An ASR tool is a system where a machine such as a computer is 
programmed to recognise and act on spoken language. The most 
familiar usage of ASR systems is the conversion of speech input 
into text output. ASR systems use several components to recognise 
speech, one of the most important being the acoustic model. An 
acoustic model is created by taking audio recordings of speech and 
their text transcripts, and using software to create a statistical 
knowledge base of the sounds that make up each word in a process 
known as speech training. 

The issue of building a high-quality acoustic model is arguably 
the most complex and the most important one in ASR systems [9- 
1 1] . This is because the acoustic model depends on both the 
quality and quantity of the recordings. However, in ASR system 
development, one prominent issue in acoustic model building is 
the availability of a speech database with sufficient quality and 
quantity. The lack of speech database is more apparent for the 
speech-impaired community, where their physical limitation 
hinders the accumulation of sufficient data to fill a speech 
database large enough for building an effective speech acoustic 
model [12-14]. 

Due to the scarcity of speech databases available for dysarthric 
speakers, the creation of an acoustic model trained exclusively in 
pathological speech is a difficult task. As such, two alternatives can 
be considered when developing ASR systems for people with 
dysarthria. The first one, which is a crude approach, is to use an 
unimpaired (normal speech) speech acoustic model to recognise 
impaired (dysarthric) speech. However, the speech of a dysarthric 
speaker has very low speech intelligibility, causing typical measures 
of speech acoustics to have values in ranges that are very different 
from those for unimpaired speech [15]. It is unlikely then that the 
acoustic models trained in unimpaired speech will be able to adjust 
to this mismatch [16,17]. 

An alternative solution to the scarcity of dysarthric speech is the 
use of adaptation techniques where a source model, which can be 
an unimpaired speech acoustic model, is transformed to be more 
reflective of the speech features of dysarthric speakers. Adaptation 
seems to be an approach worth pursuing to overcome the obstacles 
in developing ASR systems for dysarthric speech. 
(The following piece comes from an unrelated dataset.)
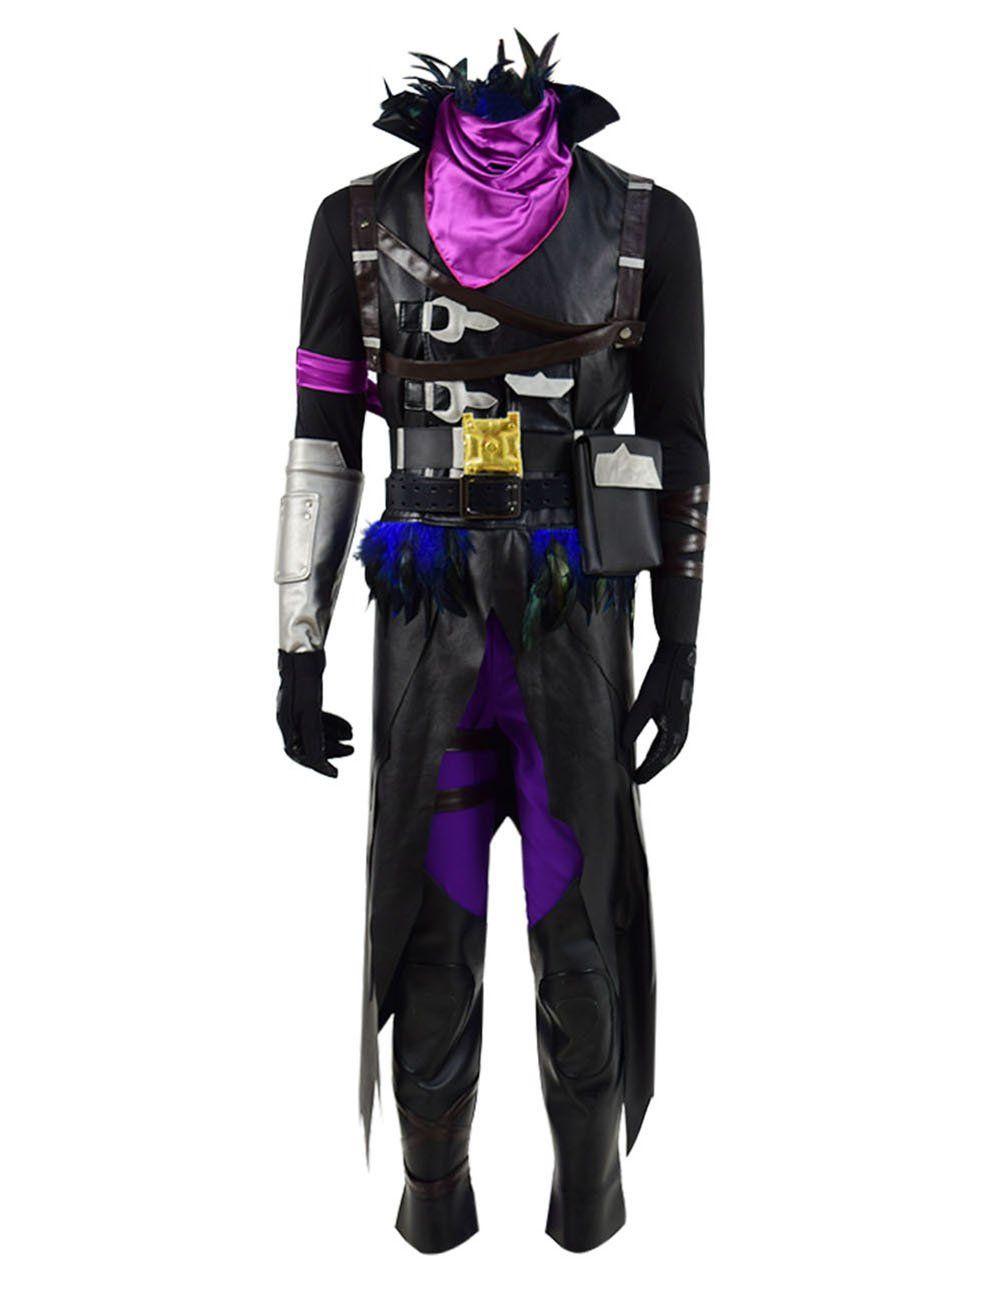 Fortnite Cosplay Costumes Halloween Ideas For Women Diy

However, some of the issues that are not well addressed in 
existing research on ASR systems for dysarthric speakers include 
the use of the most effective adaptation technique and the most 
suitable source model for performing model adaptation. This is 
because an acoustic model derived from model adaptation must be 
able to interpret variations of speech properties for differing levels 
of severity of dysarthric speech [4,5,18]. 

The remaining sections of the paper are organised as follows. In 
Section 2, we briefly describe types of existing ASR speech 
acoustic models and available types of speech acoustic models for 
dysarthric speakers. Section 3 describes various techniques for 
adaptation of dysarthric speech and the most suitable source 
model for adaptation. Section 4 describes the methodology used in 
this research and includes information on the comprehensive 
development of different techniques for adaptation, dataset for 
training the speech acoustic model, performance measurement 
methods and procedures. Results and discussions are presented in 
Section 5 and 6 respectively. Finally, Section 7 serves as the 
conclusion with a summary of the major findings. 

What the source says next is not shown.